Arts



April 13, 2010, 9:35 am

Pulitzer Juror Criticizes Choice for Drama Prize

Next to NormalSara Krulwich/The New York Times Aaron Tveit and Alice Ripley in “Next to Normal.”

How did “Next to Normal” end up winning the Pulitzer Prize for drama on Monday when the five-person drama jury — responsible for evaluating the entries of plays and musicals — did not include “Next to Normal” among its three nominees for the prize?

This is the third time in five years that the Pulitzer board has overridden its jury: In 2006, the board gave no prize in the drama category in spite of having three nominees from the drama jury. In 2007, the board ignored the jury’s nominees and gave the award to David Lindsay-Abaire’s play “Rabbit Hole.” And now it has done the same, giving the prize to Tom Kitt (music) and Brian Yorkey (book and lyrics) for “Next to Normal.”

The chairman of the drama jury, the Los Angeles Times theater critic Charles McNulty, has weighed in with a provocative column on Tuesday, criticizing the “mandarins” at Columbia University’s journalism school — where the Pulitzers are administered — for ignoring “the advice of its drama jury in favor of its own sentiments.”

We’ve placed calls to members of the Pulitzer board in hopes of learning an answer. But that hope is a slim one: The board traditionally does not explain itself. What is known, via a press release from the board, is that three-quarters of the 20 board members voted to reach into the original pool of entries and honor “Next to Normal.”
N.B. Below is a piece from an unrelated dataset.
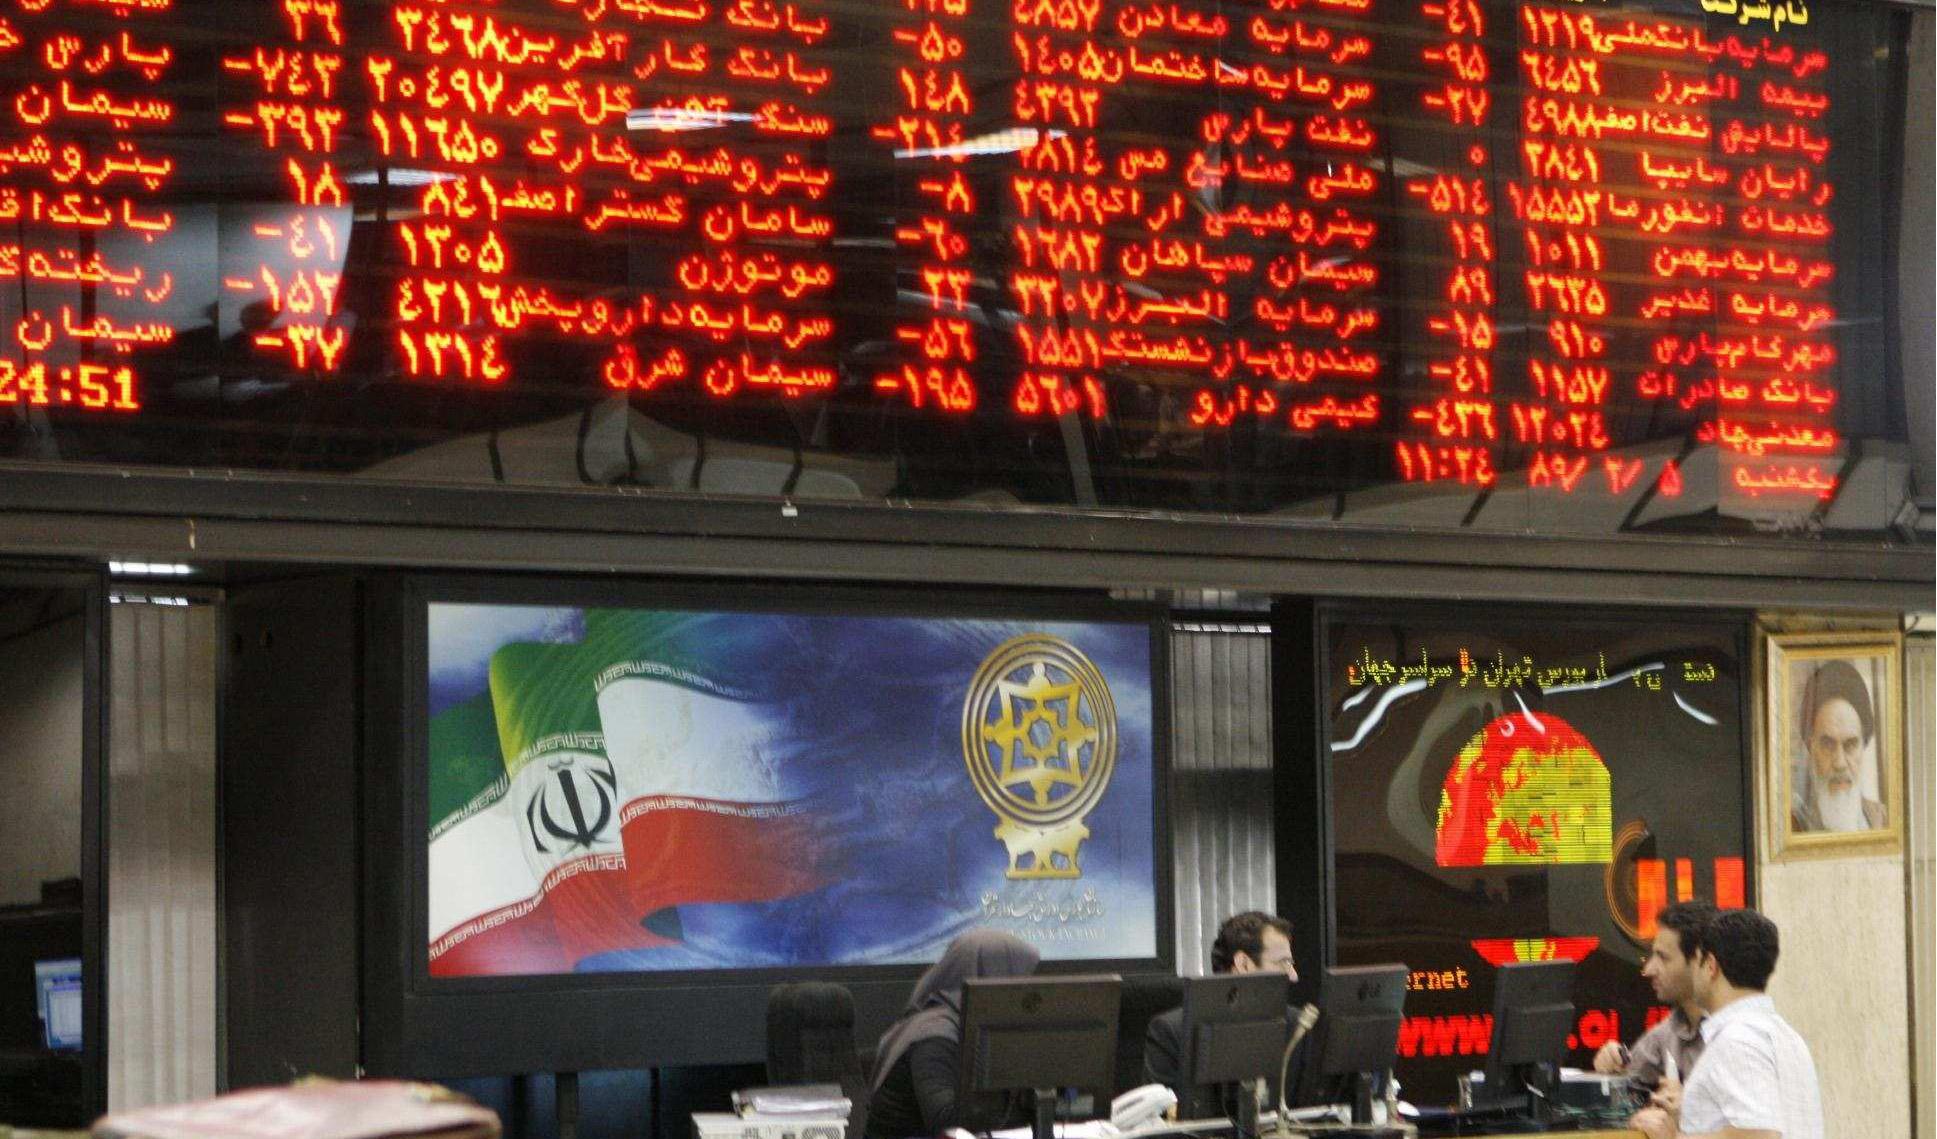 افت یک درصدی شاخص بورس تهران در معاملات امروز
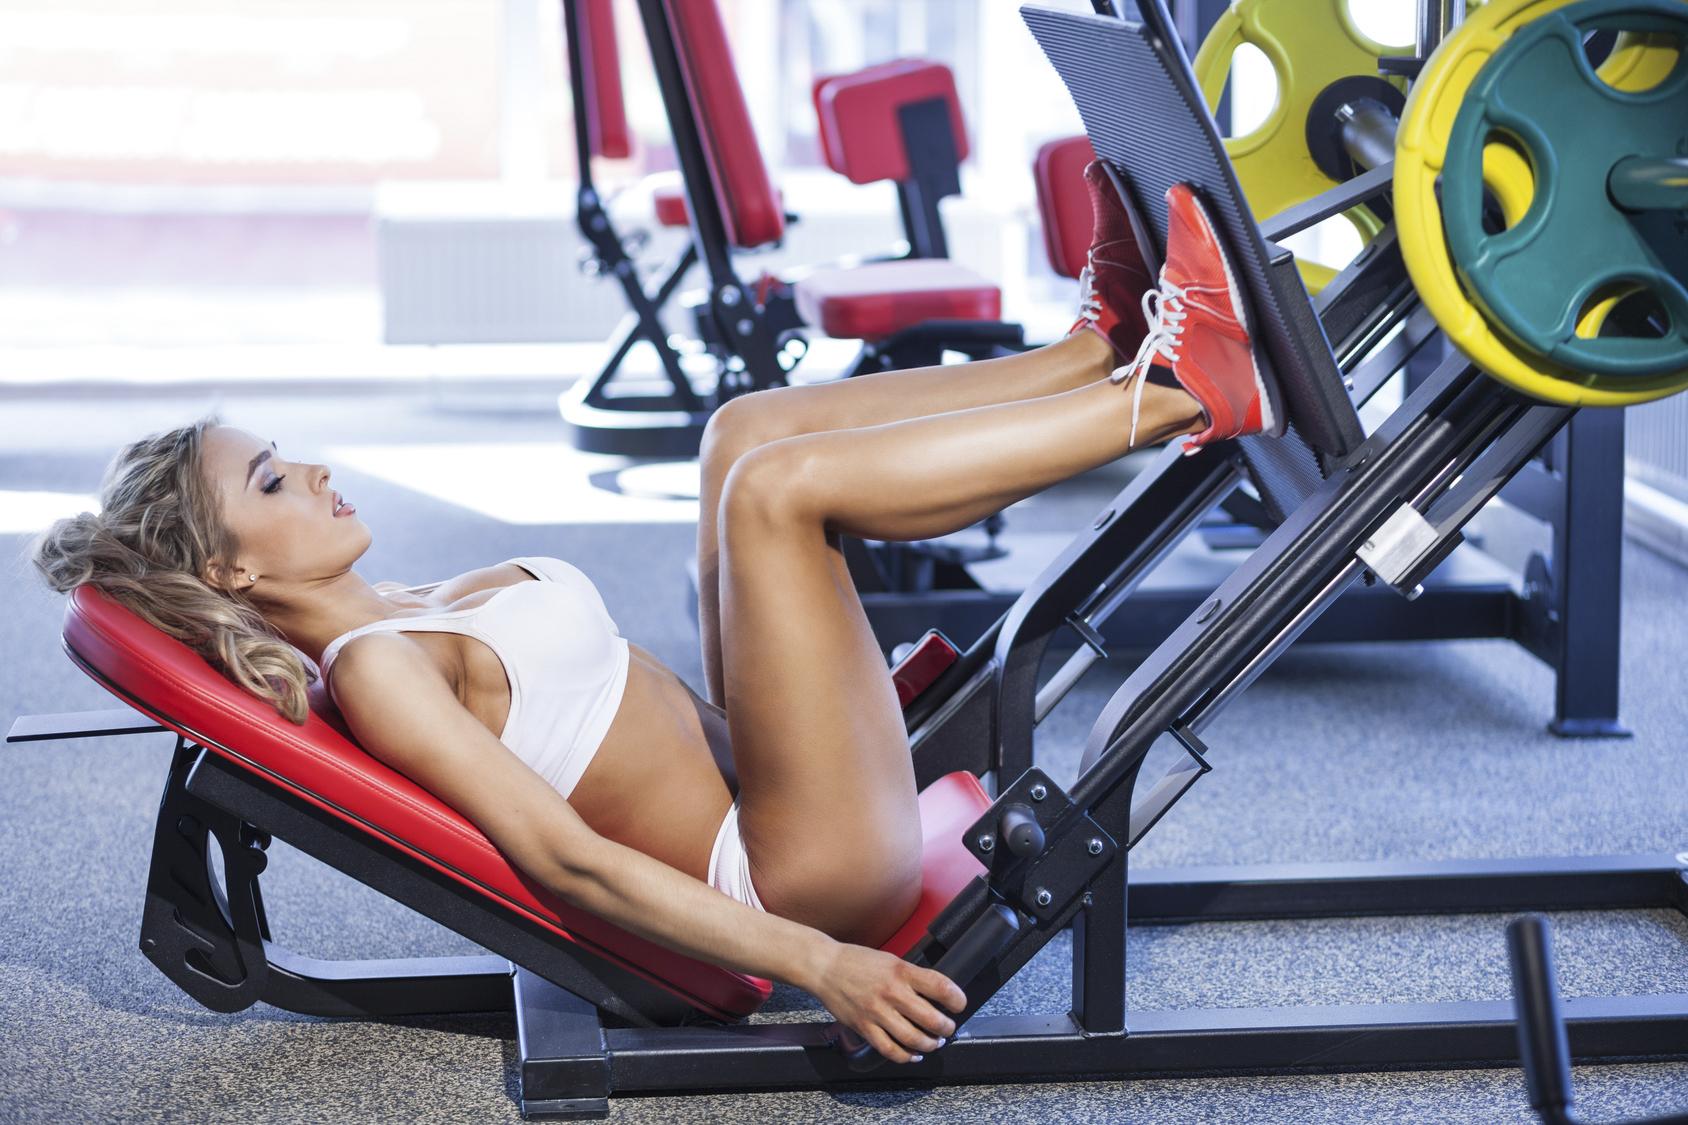 Oberschenkel-Master-Beinmuskel-Fitnessger/äte f/ür Taille H/üften mlxg Multifunktions-Fitness-Beinapparat Arme Gewichtsverlust f/ür M/änner und Frauen Oberschenkel

Interviews on Monday night and Tuesday morning with some longtime drama prize watchers yielded a few theories. The leading one is that board members tend to favor plays and musicals that they themselves have seen, which by and large means that shows running in New York have an edge.

The last six winners — “Next to Normal,” “Ruined,” “August: Osage County,” “Rabbit Hole,” “Doubt” and “I Am My Own Wife” — were all running on Broadway or Off Broadway as the Pulitzers were being decided. For the record, among the jury’s three finalists this year, “The Elaborate Entrance of Chad Deity” and “Bengal Tiger in the Baghdad Zoo” had runs in Chicago and Los Angeles, respectively, and “In the Next Room (or the vibrator play)” closed on Broadway early this winter. (“Chad Deity” will have an Off Broadway run this spring at Second Stage Theater.)

The drama prize in 2003 went to a play that had not had a New York run at that point, Nilo Cruz’s “Anna in the Tropics.” It was produced in New York later that year, and had a short run. Mr. Cruz happened to be a juror in the drama category this year.

While no one has publicly criticized honoring “Next to Normal” on its merits, there has been some public and private grousing about the board’s override of the drama jury. Is the board not giving clear guidelines to its drama jurors? Is the board unhappy with the jurors, who were once mostly drama critics but this year included three critics, a theater professor, and the playwright Mr. Cruz?

Any theories or educated guess about the Pulitzer board vs. drama jury dynamics, and why “Next to Normal” ended up emerging as the surprise winner this year?